Perhaps reliance on archival material dooms us to repeat the mistakes of the past. Certainly, there is no evidence to suggest that archives have prevented repetition. We appear to be stuck in some cosmic ‘Do Loop’, and the existence of archives is a conservative rather than a progressive aspect. Archives are often aplauded as evidentiary materials to support retribution for excesses.
Thus the twin pillars of Archivist records; justification and retribution, are a sum negative for the effort expended. Humans need to develop a more forward looking and less punitive mindset. We may be capable of this. The South African, “Truth and reconciliation commissions” may be a first step in our evolution.
In praise of WikiLeaks, they may have an agenda, but their function is expository rather than punative and justificatory. The internet era has reduced the grip of secrecy on our civilization. Now we just need to learn logic to sort fact from fiction.
Archives and power
I agree with you Paul that there is a connection between archives and power, but having seen many detailed archives of 'good' organizations (medical records, housing records, archives of architects and engineers) I disagree that that is by definition a bad thing. In my opinion secret archives is the scary one and then the scary part comes from the secrecy.
And don't forget: there also exist very violent movements without any archive at all (wars in Rwanda, gangs in the USA)
Archives and power
Thanks for the comment - and raising some really important and interesting points. I agree with pretty much all of them.

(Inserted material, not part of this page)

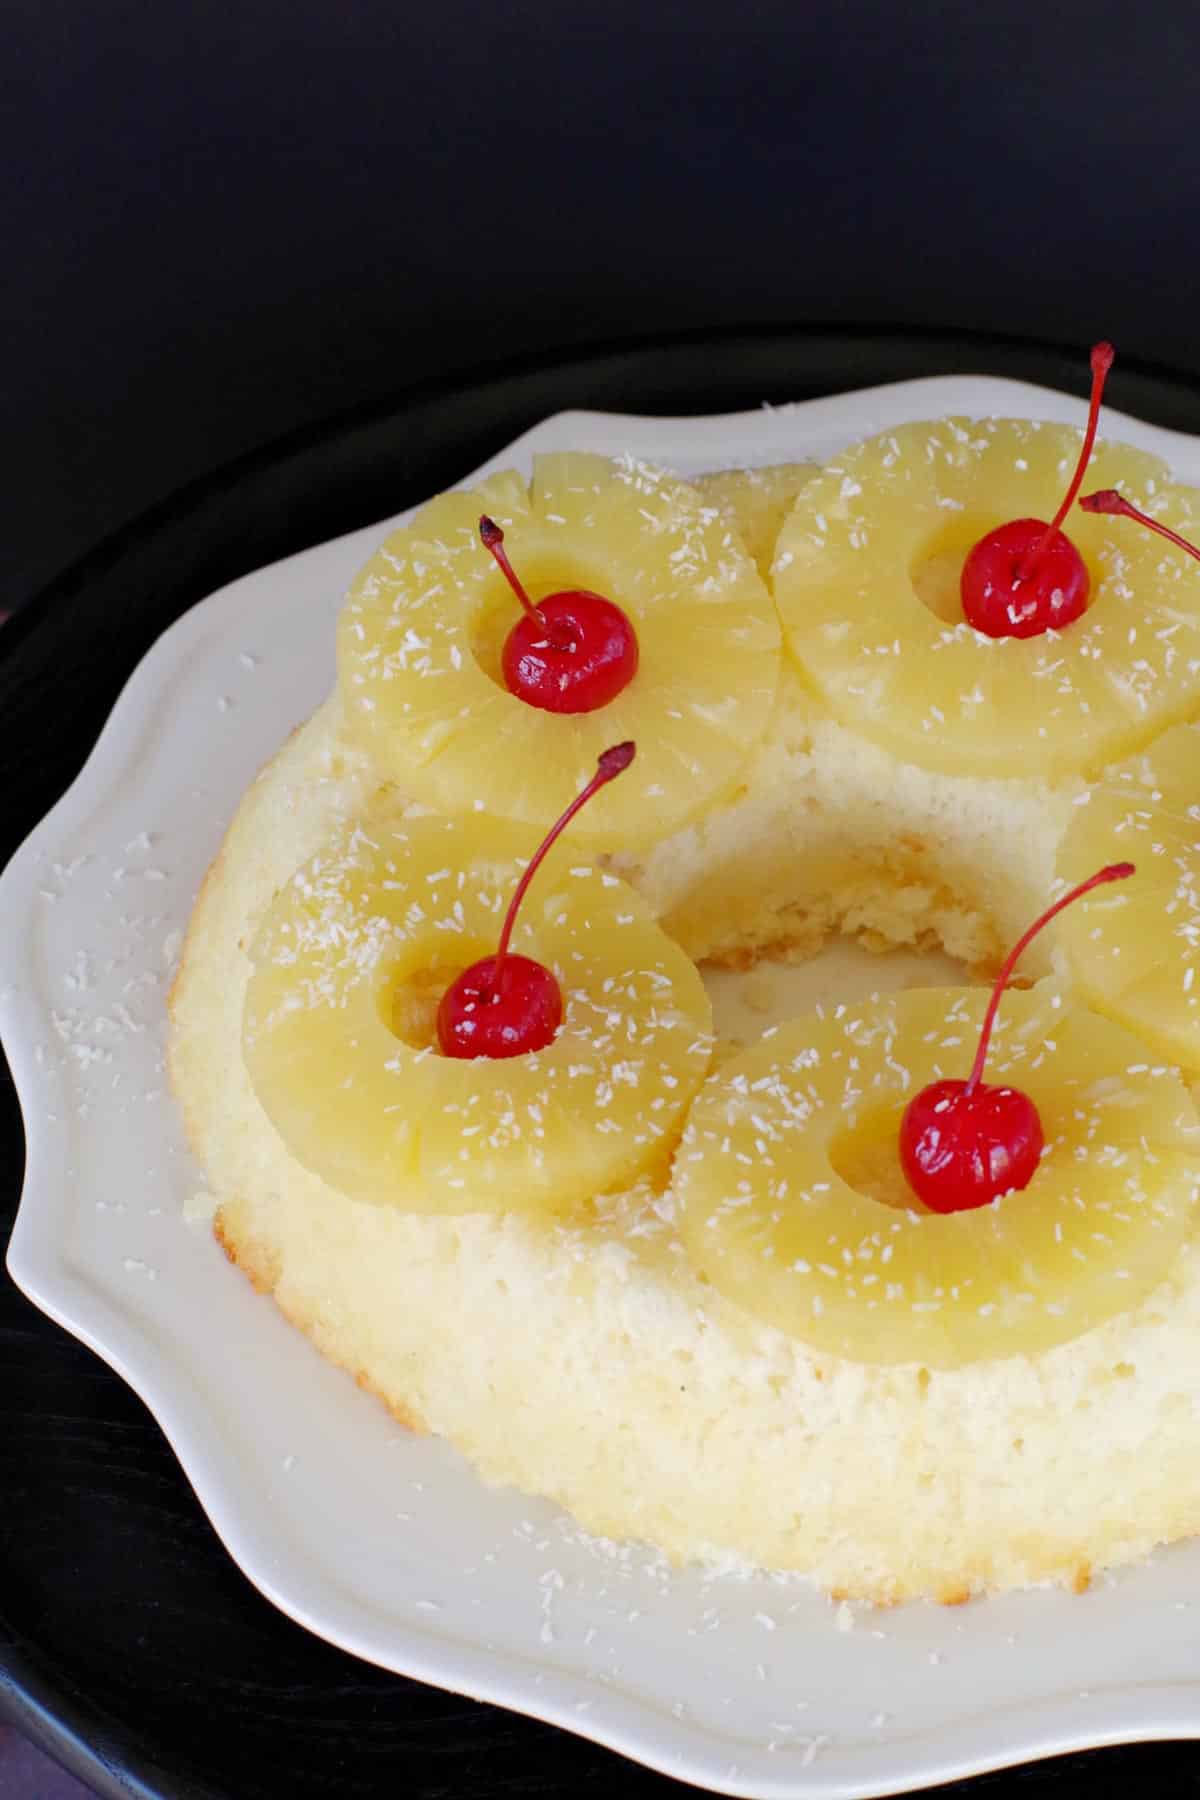 ww pineapple (pina colada) cake garnished with pineapple and cherries on a white plate

Decisions about what to keep in - and what to release from - an archive are made in the context of the politics and interests of the day, not always benign. And if recordkeeping is used a tool of abuse, does the fact that those records can then give victims power later make it all ok?

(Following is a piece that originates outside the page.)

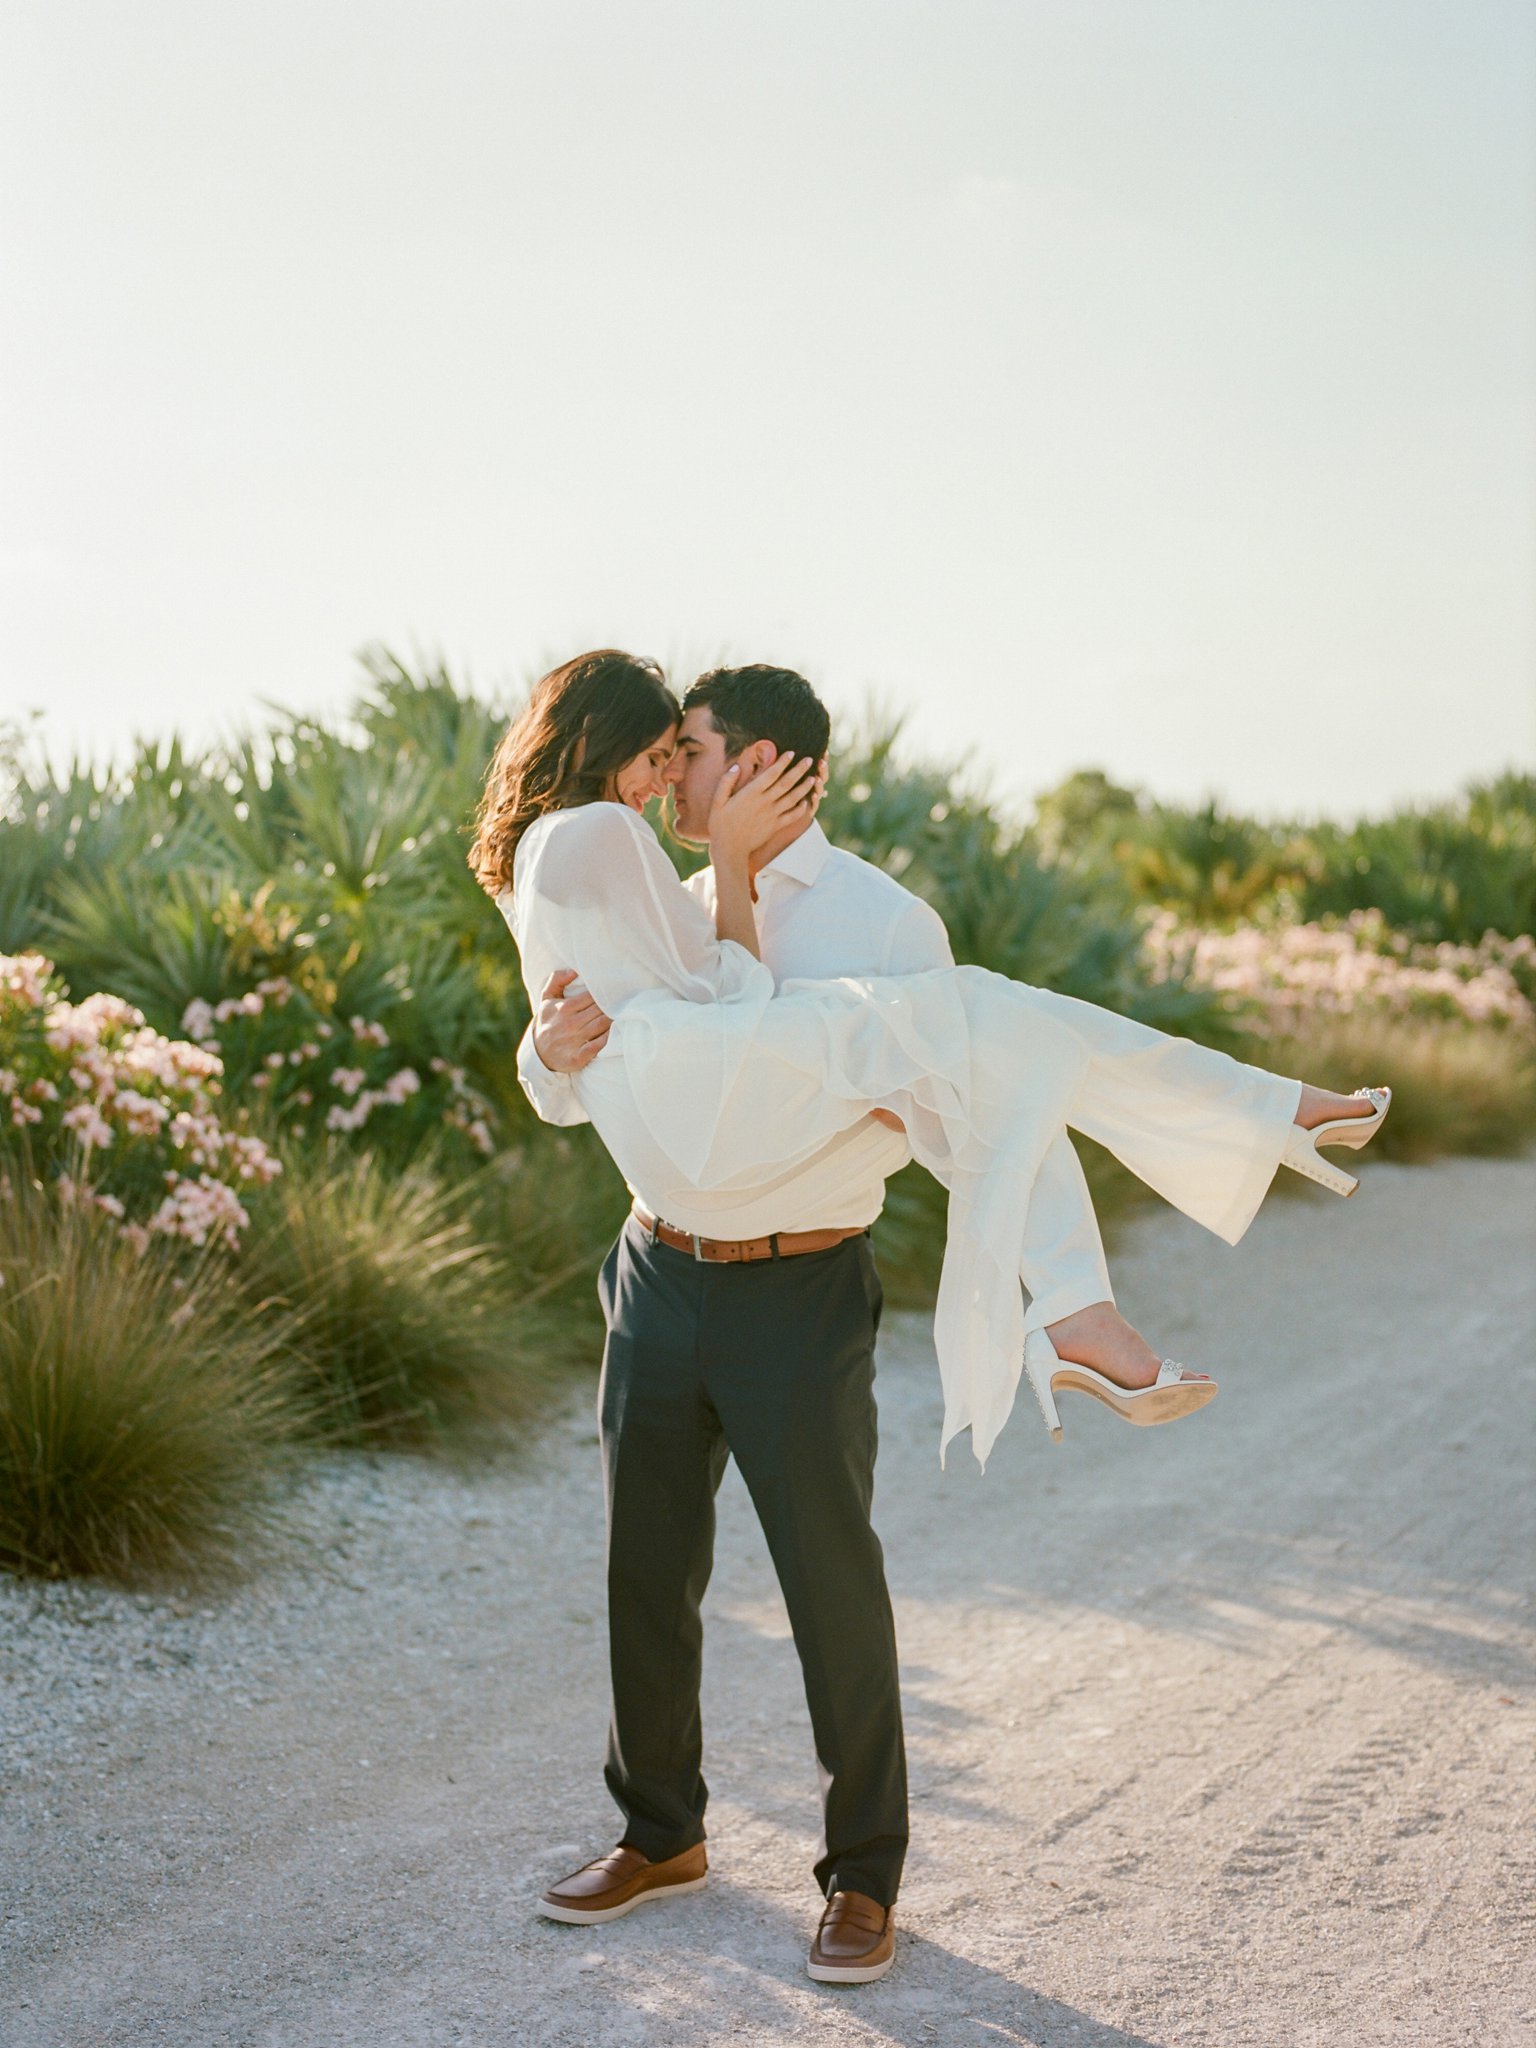 jw marriott marco island engagement session marco island wedding photographer shannon griffin photography_0020.jpg

As you mention, the expository nature of the WikiLeaks archives is part of what makes them so interesting as an alternative. Instead of the appraisal and access frameworks taking many interests into account that archivists use, they have a single, simple criterion; a promise to the whistleblower. Arguably this is the purest form of archive that you can create.
If you are interested in this stuff and in the South African Truth and Reconciliation Commission, read Verne Harris. In his article cited above he quotes the words of Mandela when he opened the South African Centre for Memory and Dialogue: "We want it to dedicate itself to the recovery of memories and stories suppressed by power. That is the call of justice."
@ CassPF Love your article &
@ CassPF Love your article & will definitely read Verne Harris. So glad there are more archives professionals that support Wikileaks (it IS a bit of a daring thing to do!)!!